REQUIREMENT: Reprint the lines below as they are, minus the pictures.

---- AVAILABLE DATA

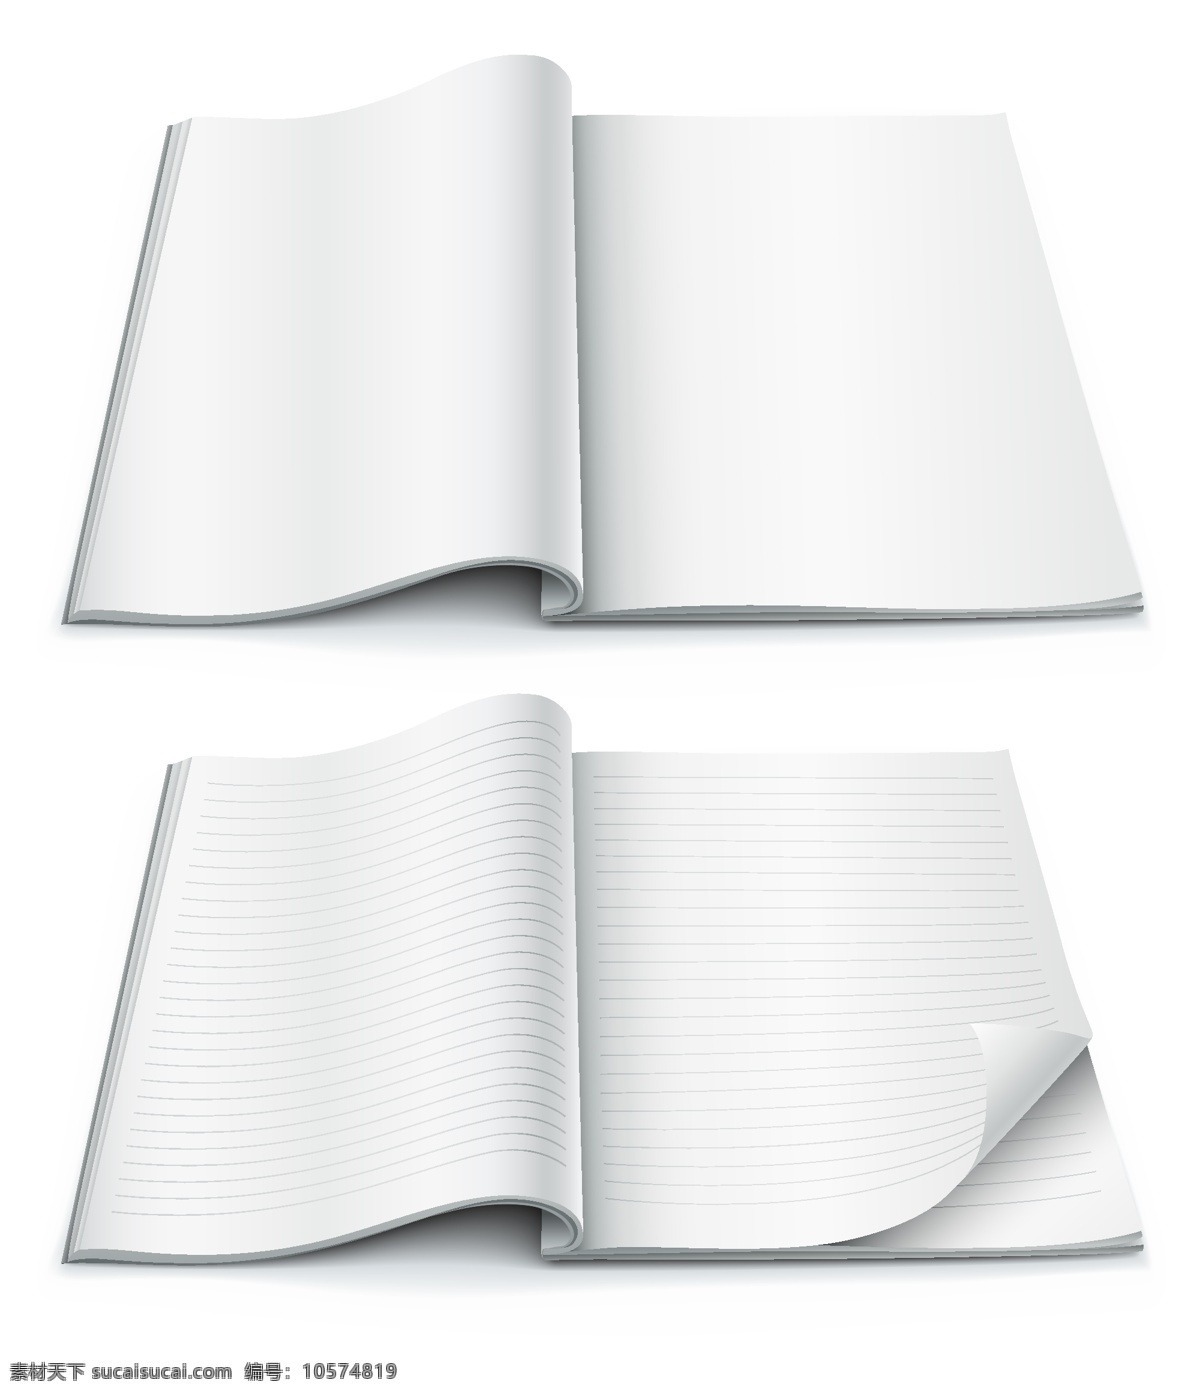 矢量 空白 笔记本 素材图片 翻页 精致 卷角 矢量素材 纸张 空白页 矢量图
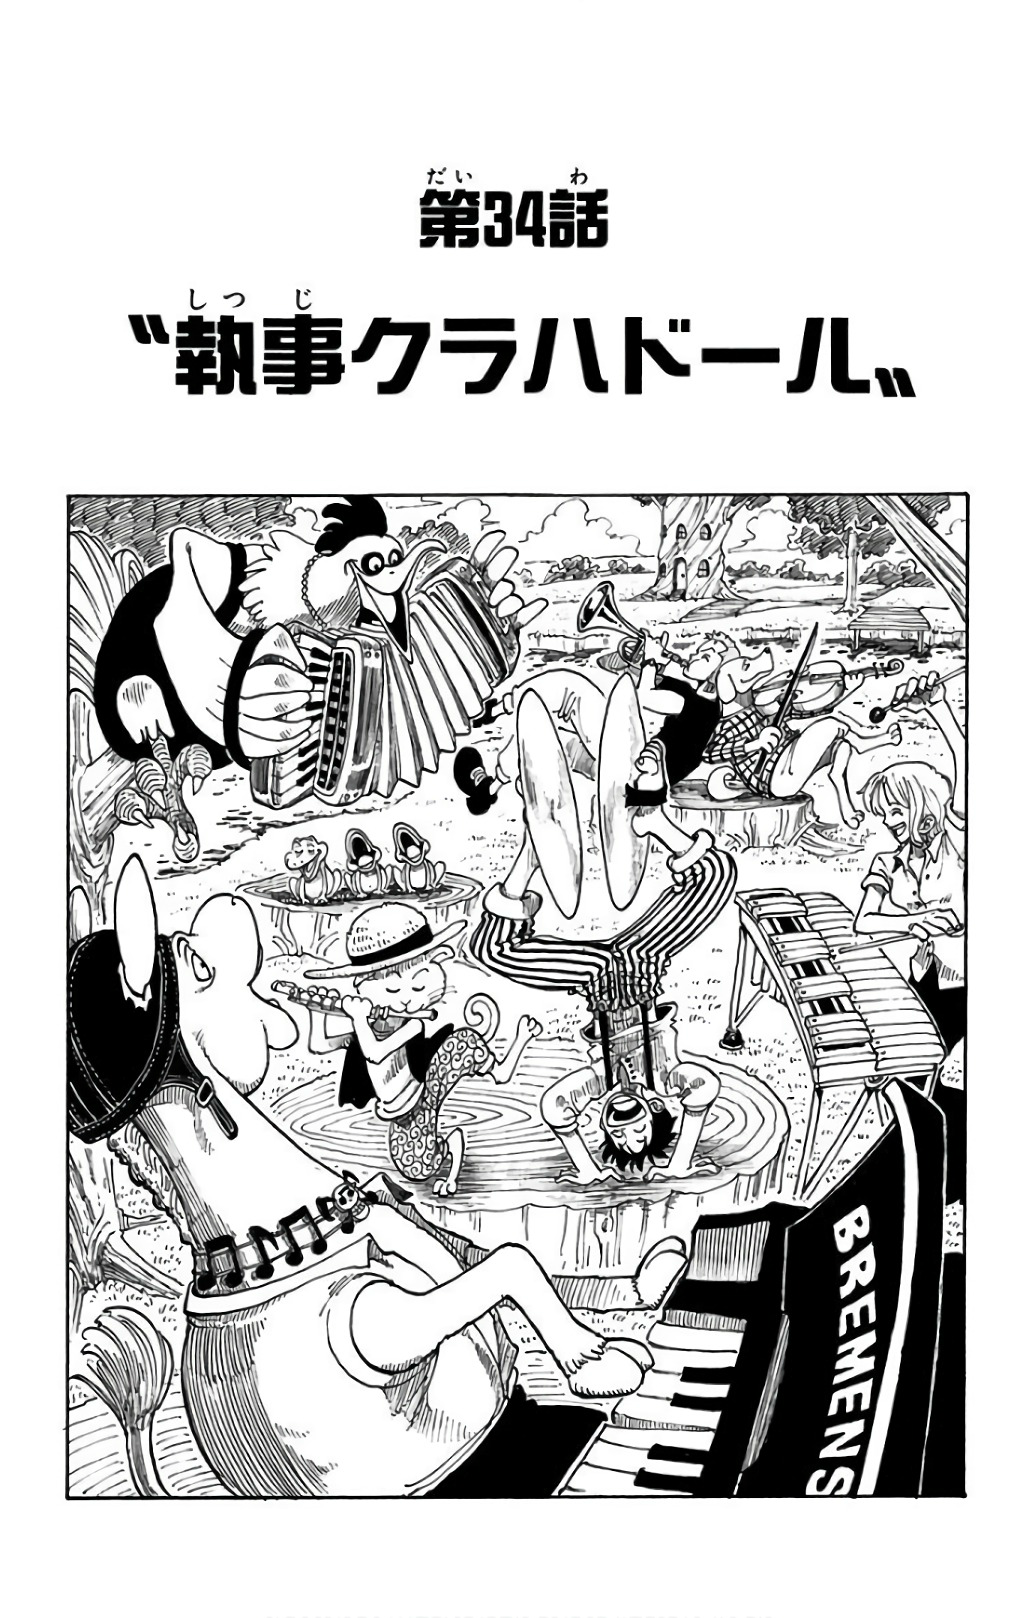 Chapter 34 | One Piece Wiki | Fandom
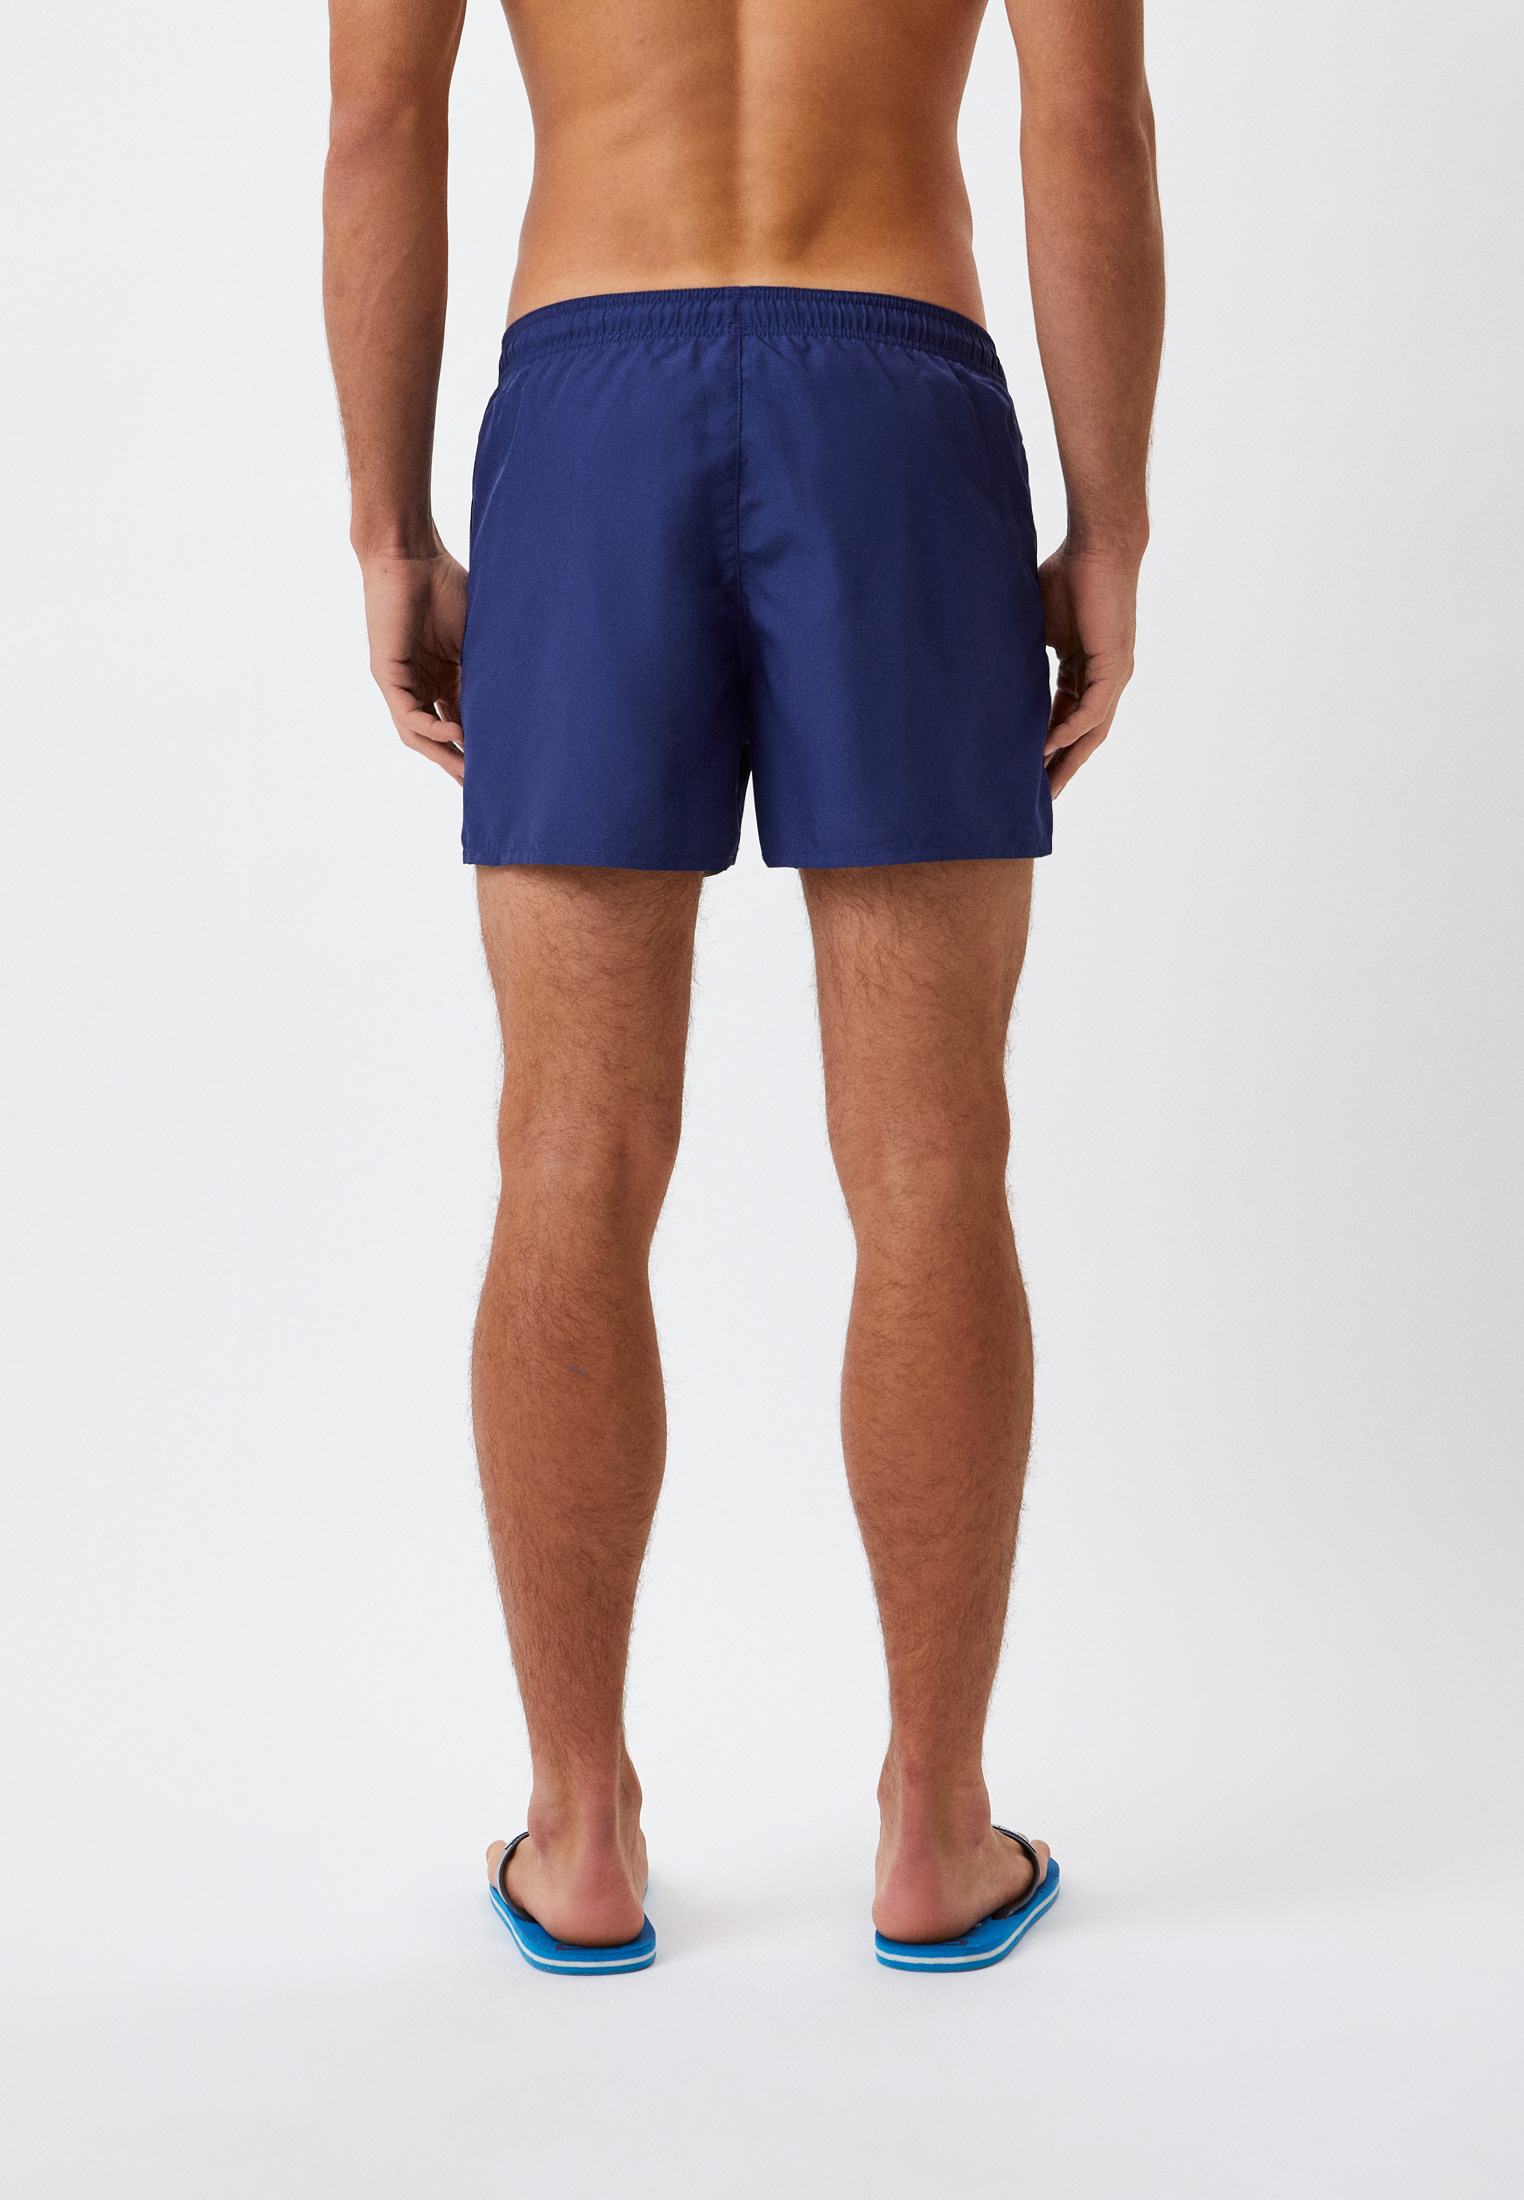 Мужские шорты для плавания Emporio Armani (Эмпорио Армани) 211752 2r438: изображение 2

--------

ANSWER FOR THE TASK:
 矢量 空白 笔记本 素材图片 翻页 精致 卷角 矢量素材 纸张 空白页 矢量图
 Chapter 34 | One Piece Wiki | Fandom
 Мужские шорты для плавания Emporio Armani (Эмпорио Армани) 211752 2r438: изображение 2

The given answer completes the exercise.